Introduction
Ce pamphlet, écrit à l'invitation de la revue & pour son n° 1 (2021) sur le thème « urgence & convivialité », tente une définition du vernaculaire et surtout de son architecture, pointe les ravages que nous lui causons et appelle à s’adonner à elle avec humilité et amitié.
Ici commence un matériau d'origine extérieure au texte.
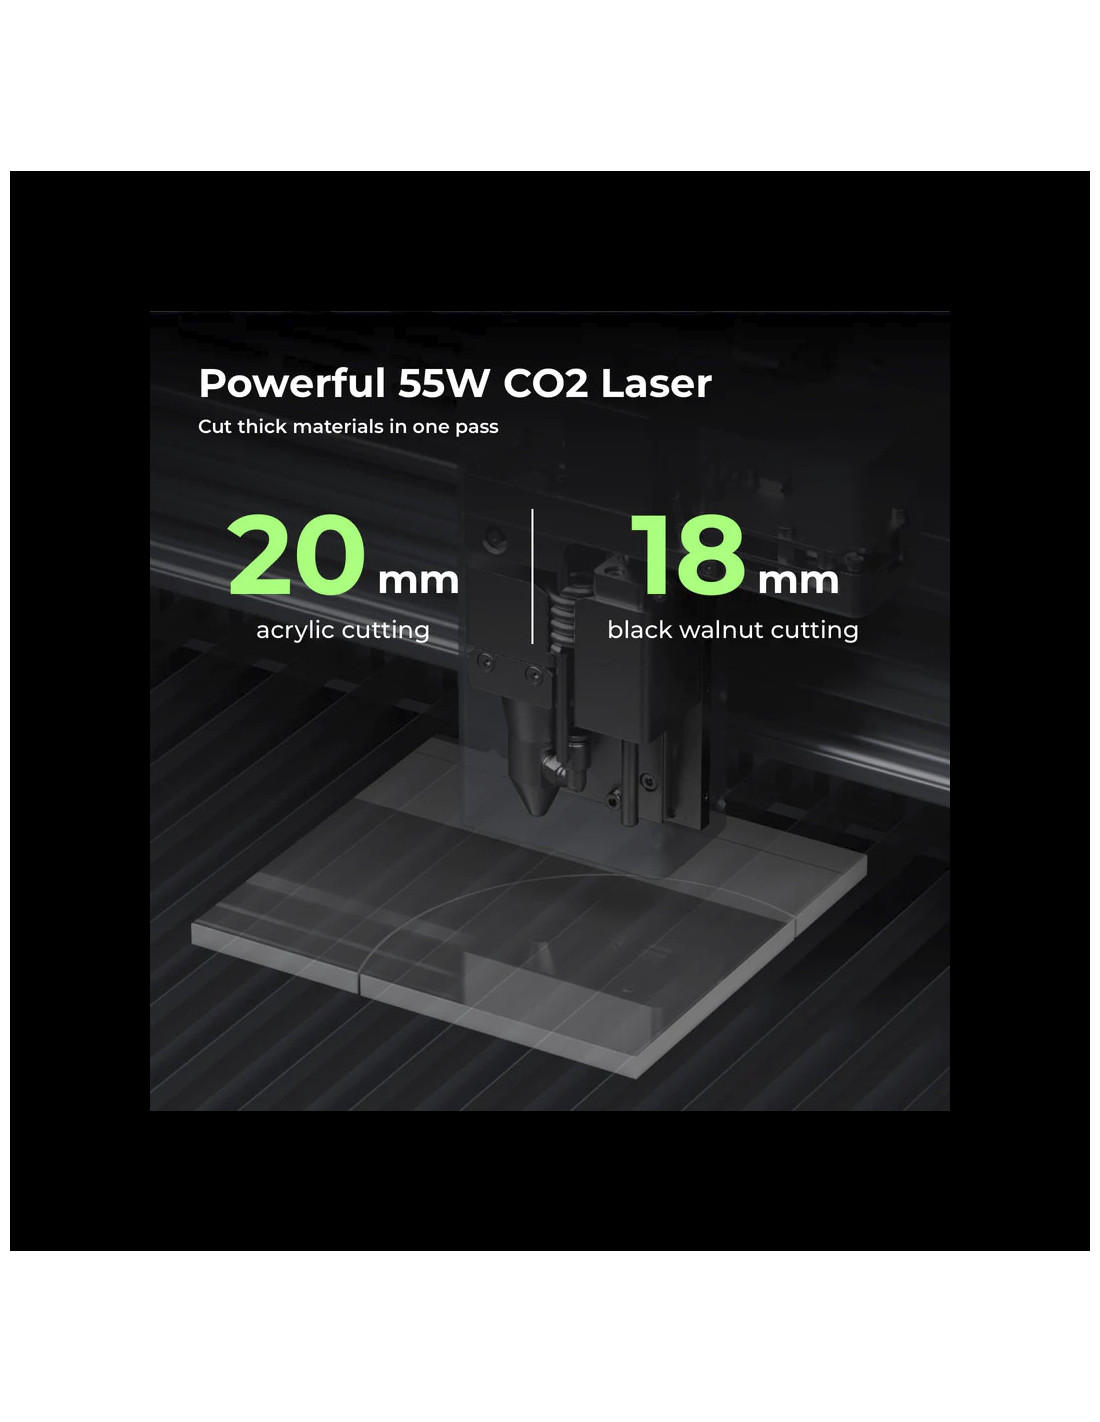 xTool P2 55W - Cortadora láser de escritorio de CO2

Face à la crise climatique, certain·e·s architectes et leurs étudiant·e·s tentent de réinventer leur profession. Rares sont-ils et elles, à avoir compris l’urgence de la situation. Celles et ceux qui l’impulsent s’intéressent à juste titre aux matériaux écologiques, à l’architecture traditionnelle de nos contrées et, surtout, des régions lointaines — quitte à basculer dans le développementisme. Le recours au « vernaculaire » a bon cours aujourd’hui, mais fait souvent office de cache-misère, au même titre que la notion de « convivialité ». Il importe donc de comprendre que l’architecture vernaculaire n’est pas un résultat, mais une manière de.
Constat
Malheureusement, en près de 60 ans, le constat n’aura pas changé. En 1964, Bernard Rudofksy soulignait dans la préface à Architecture Without Architects, catalogue de l’exposition éponyme au Museum of Modern Art, New York, tant révolutionnaire que critiquée [1], la compréhension mesquine que nous avons de l’histoire de l’architecture, quitte à en « ignorer les cinquante premiers siècles [2] » ; en 2019, Patrick Bouchain doit encore souligner, face à un parterre d’architectes, que « l’humanité a toujours auto-construit. […] 90 % de la construction habitable était faite sans architecte [3] ».
Rudofsky présente le vernaculaire en creux : il s’agirait du domaine de l’architecture réalisée en l’absence d’architectes — c’est-à-dire ceux qui en portent le titre — par les bâtisseuses et les bâtisseurs « qui n’ont pas attendu qu’on leur dise ce qui était bon pour eux-mêmes [4] ». Quelques années plus tard, Scott-Brown, Venturi et Izenour, tout en faisant référence à Rudofsky, qualifient d’architecture vernaculaire celle qui relève de la construction vulgaire, rustique, banale — y compris les constructions industrielles et commerciales — et opposent, de manière plus subtile, l’Architecture créée par des professionnels et celle dont jouit le commun des mortels [5].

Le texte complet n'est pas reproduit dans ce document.